Cordilleran Section - 106th Annual Meeting, and Pacific Section, American Association of Petroleum Geologists (27-29 May 2010)

Paper No. 1
Presentation Time: 1:40 PM

NEW HOLOCENE SLIP-RATE SITE ALONG THE CENTRAL GARLOCK FAULT, SEARLES VALLEY, SOUTHEASTERN CALIFORNIA


HULETT, Ashley1, MCGILL, Sally1, BRYCE, Colin1, HERLIHY, Rachelle1, LOPEZ, Amanda1, ROBLES, Matthew1, STEPHENS, Jonathan J.1, SWIFT, Mark1, VELASQUEZ, Christina1, GANEV, Plamen N.2 and DOLAN, James F.2, (1)Geological Sciences, California State University, San Bernardino, 5500 University Parkway, San Bernardino, CA 92407, (2)Dept of Earth Sciences, Univ of Southern California, 3651 Trousdale Ave, Los Angeles, CA 90089, huletta@csusb.edu

The Garlock fault is a left-lateral fault about 250 km long that extends northeastward and eastward along the northern margin of the Mojave Desert.
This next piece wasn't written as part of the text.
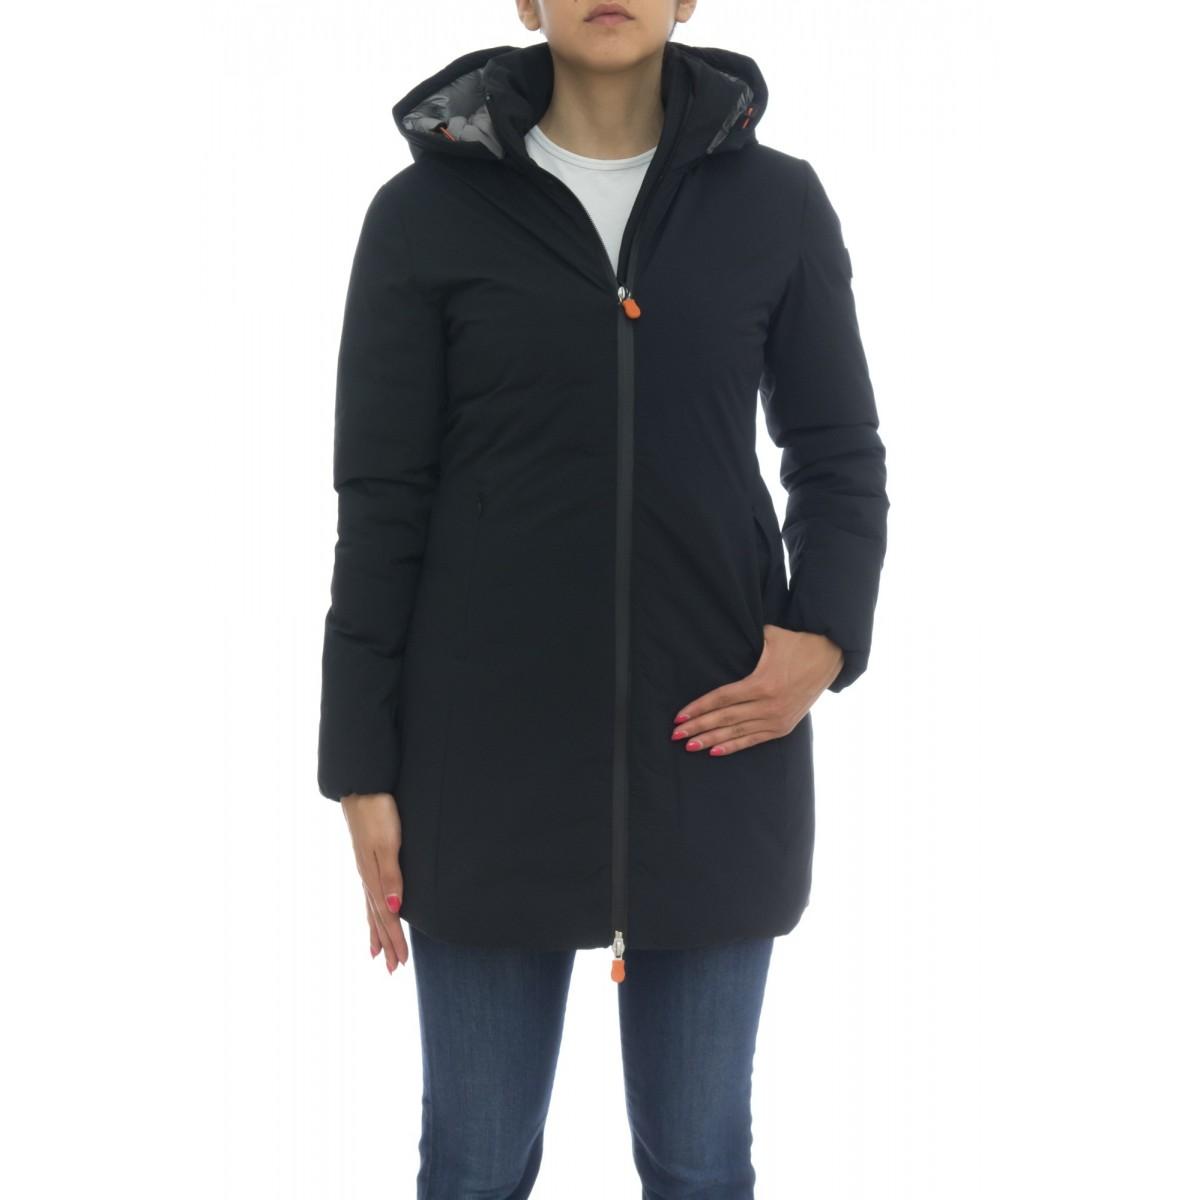 Piumino - D4006w matt7 cappottino

Geodetic studies imply that present-day elastic strain accumulation is primarily occurring along northwest-striking, right-lateral faults both north and south of the Garlock fault and that very little left-lateral strain is accumulating across the Garlock fault. Nonetheless, the Garlock fault is a through-going structure with abundant evidence for Holocene slip. Along the stretch of fault east of Trona Road, in Searles Valley, numerous incised channels and alluvial fans of apparent Holocene or latest Pleistocene age are offset tens of meters. For this study we present mapping of an offset alluvial fan located about 4.2 km east of Trona Road. The offset fan is best reconstructed by restoring 58 ± 8 meters of left-lateral slip. The slightly incised east edge of the fan provides the sharpest offset marker, but the crest of the fan and the tapered west edge of the fan appear to be offset the same amount. We dug a 2-m deep pit on the center of the fan a few tens of meters north of the fault and collected samples for Be-10 and optically stimulated luminescence (OSL)dating. Because the measured offset applies to the constructional crest and depositional west edge of the fan, the surface exposure age of the fan from the Be-10 depth profile and the burial age of the uppermost fan deposits from OSL samples 65 and 80 cm deep, will provide a close (rather than a maximum) estimate of the time required to accomplish the 58 meters of offset. This site may thus provide an important new Holocene slip rate for the central Garlock fault.